Dennoch könnte es in der russischen Wirtschaft in der zweiten Jahreshälfte und im Jahr 2025 zu erheblichen Problemen kommen, die die Regierung dazu zwingen könnten, Steuern zu erhöhen, warnte Chris Weafer, Geschäftsführer von Macro-Advisory. Laut ihm wäre es für viele Unternehmenseigentümer «besser, das Geld jetzt abzuheben, als es im nächsten Jahr durch Steuern zu verlieren». Die Unternehmen sehen sich zunehmenden Zahlungsschwierigkeiten gegenüber, die zu Engpässen bei Industriekomponenten und Konsumgütern führen können.

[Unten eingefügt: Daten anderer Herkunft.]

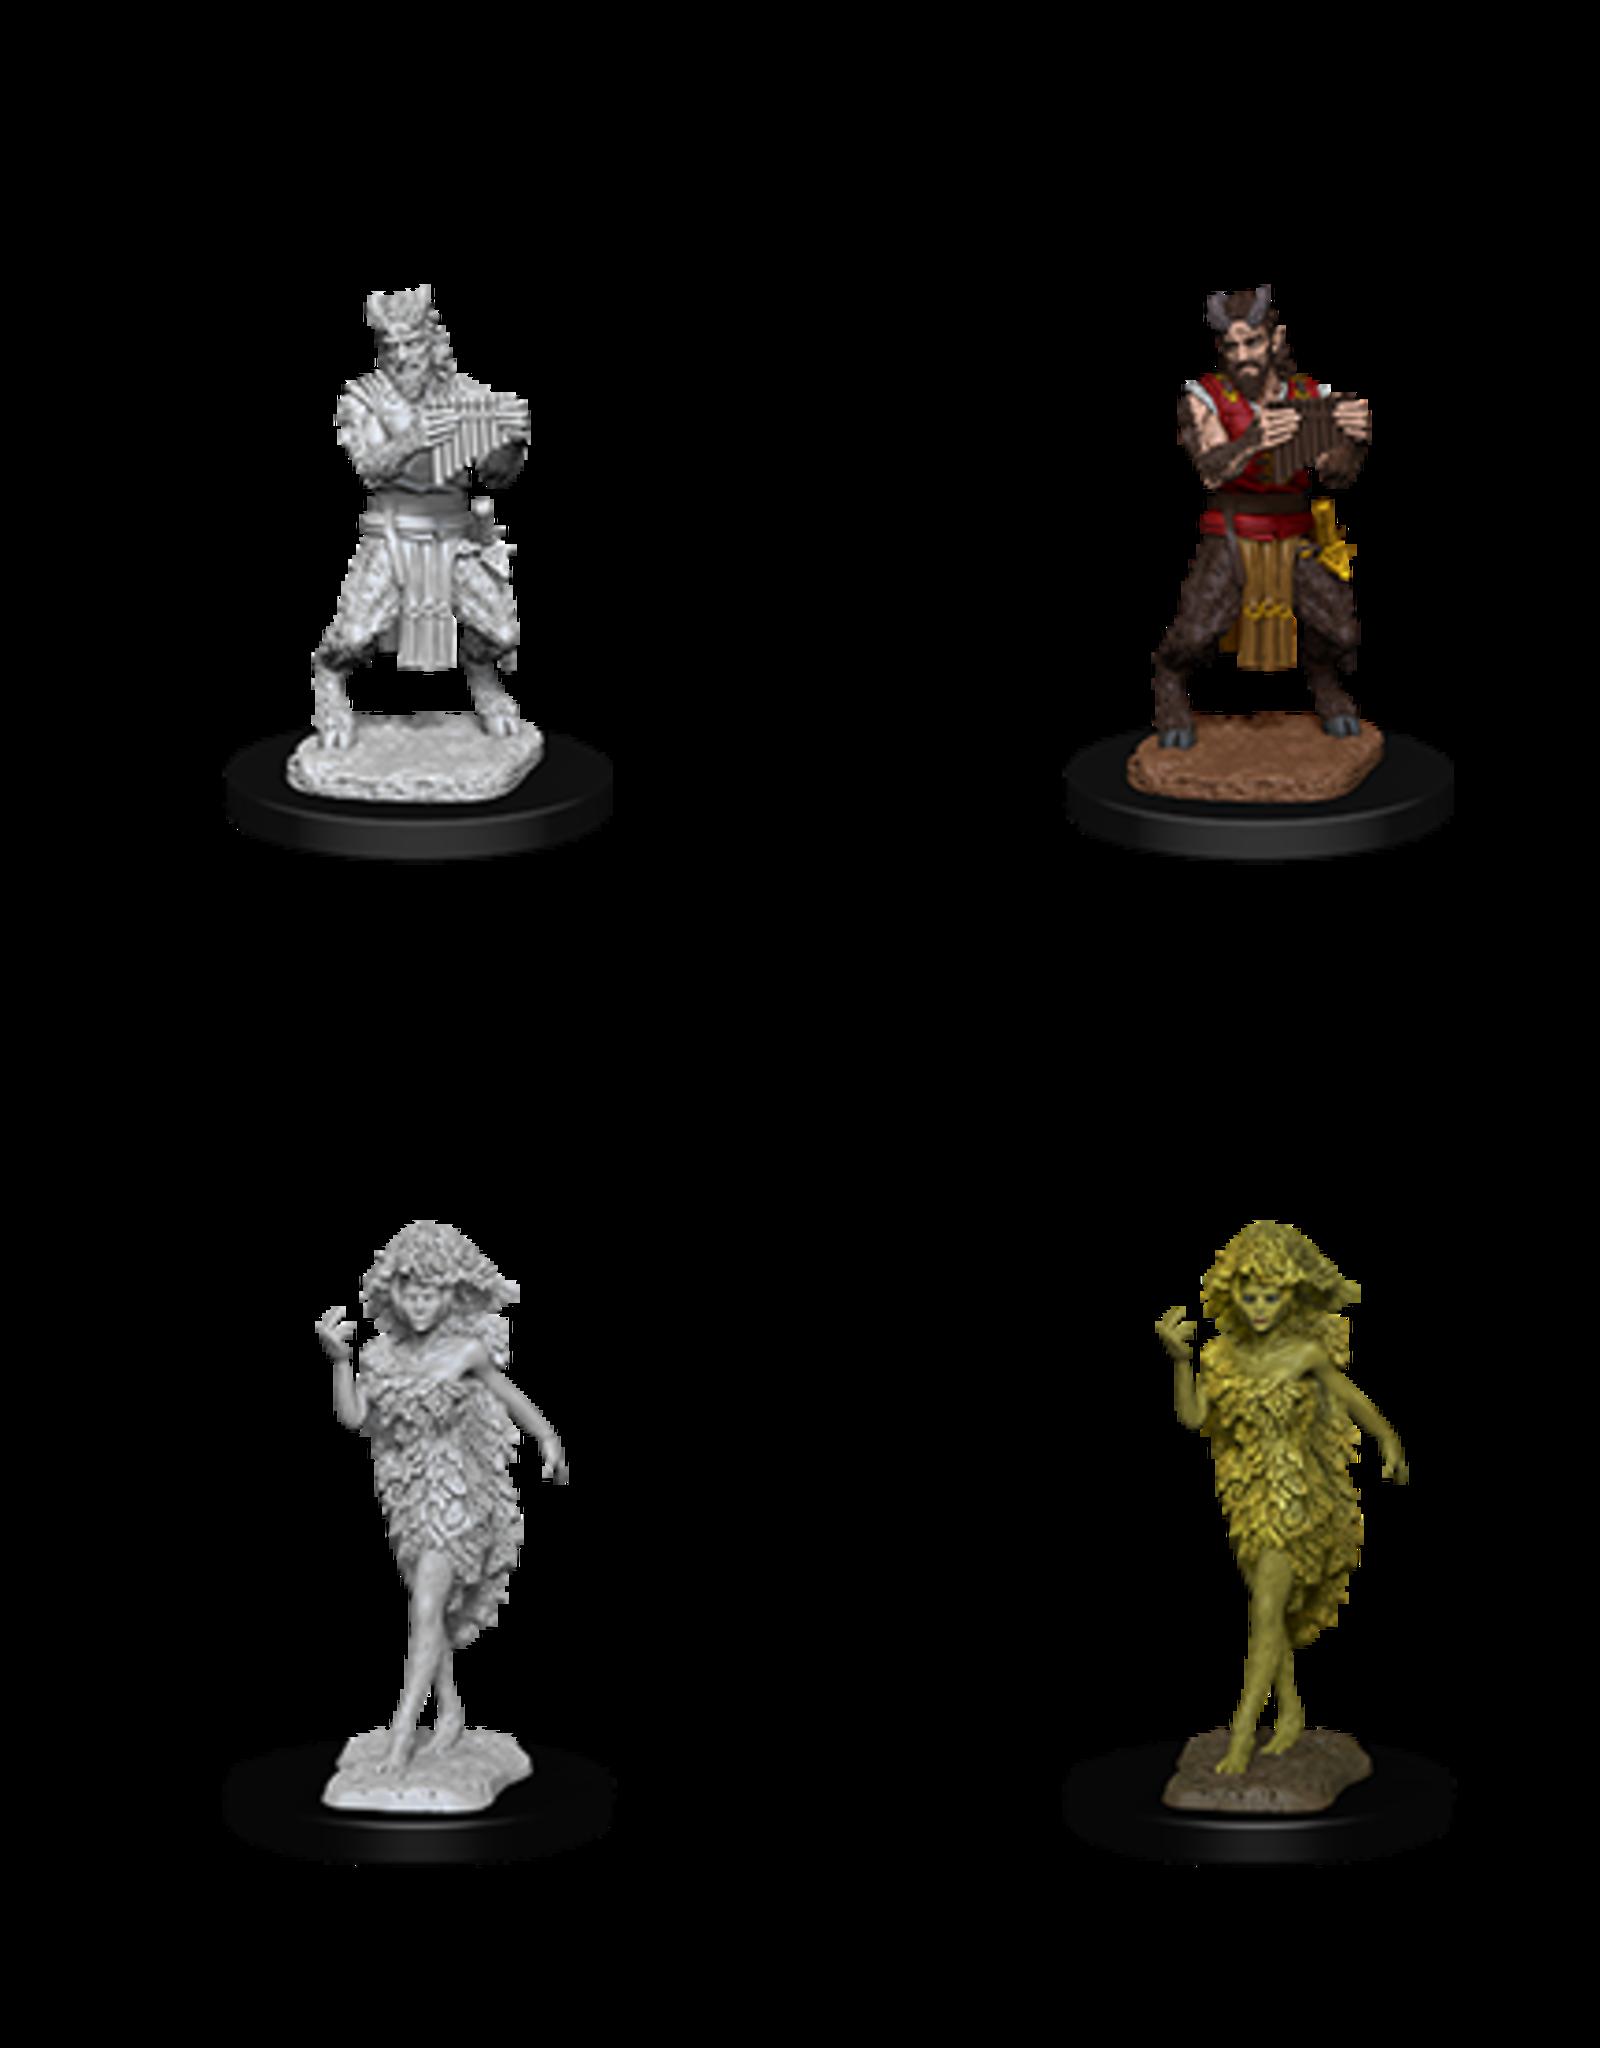 Nolzur's Marvelous Miniatures D&D NMU: Satyr & Dryad (W11)

Dies geschieht vor dem Hintergrund verschärfter US-Drohungen mit Sekundärsanktionen gegen Banken in Ländern, die Russland als «befreundet" betrachtet. Die US-Sanktionen gegen die Moskauer Börse haben dazu geführt, dass der Handel mit Dollar und Euro dort eingestellt wurde.

Das Finanzministerium hat seine Schätzung für das Haushaltsdefizit 2024 von 1,595 Billionen Rubel auf 2,12 Billionen Rubel erhöht, was 1,1 Prozent des BIP entspricht. Angesichts einer Inflation, die mehr als doppelt so hoch ist wie das angestrebte Ziel von 4 Prozent, könnte die russische Zentralbank noch in diesem Monat den Leitzins von derzeit 16 Prozent um bis zu 200 Basispunkte erhöhen.

Ein weiteres Problem, dem russische Unternehmer gegenüberstehen, ist die Frage, wo sie ihre Dividenden investieren sollen, nachdem die Sanktionen viele dazu gezwungen haben, sich auf den heimischen Markt zu konzentrieren. Im Mai wurden an der Moskauer Börse 116,3 Milliarden Rubel von Privatanlegern investiert, ein bisheriger Rekordwert im Jahr 2024. Die Investitionen in die russische Industrie haben im ersten Quartal im Vergleich zum Vorjahr um 14,5 Prozent auf einen Rekordwert von fast 6 Billionen Rubel zugenommen, wie Daten der Zentralbank zeigen. Trotzdem sind die inländischen Möglichkeiten begrenzt.

«Es gibt derzeit einfach zu viel Unsicherheit für Tycoons, um grössere Investitionen zu tätigen», insbesondere wenn sie von russischen Banken hohe Zinssätze für Rubel-Einlagen erhalten können, so Weafer. «Für die meisten ist es klüger, abzuwarten.»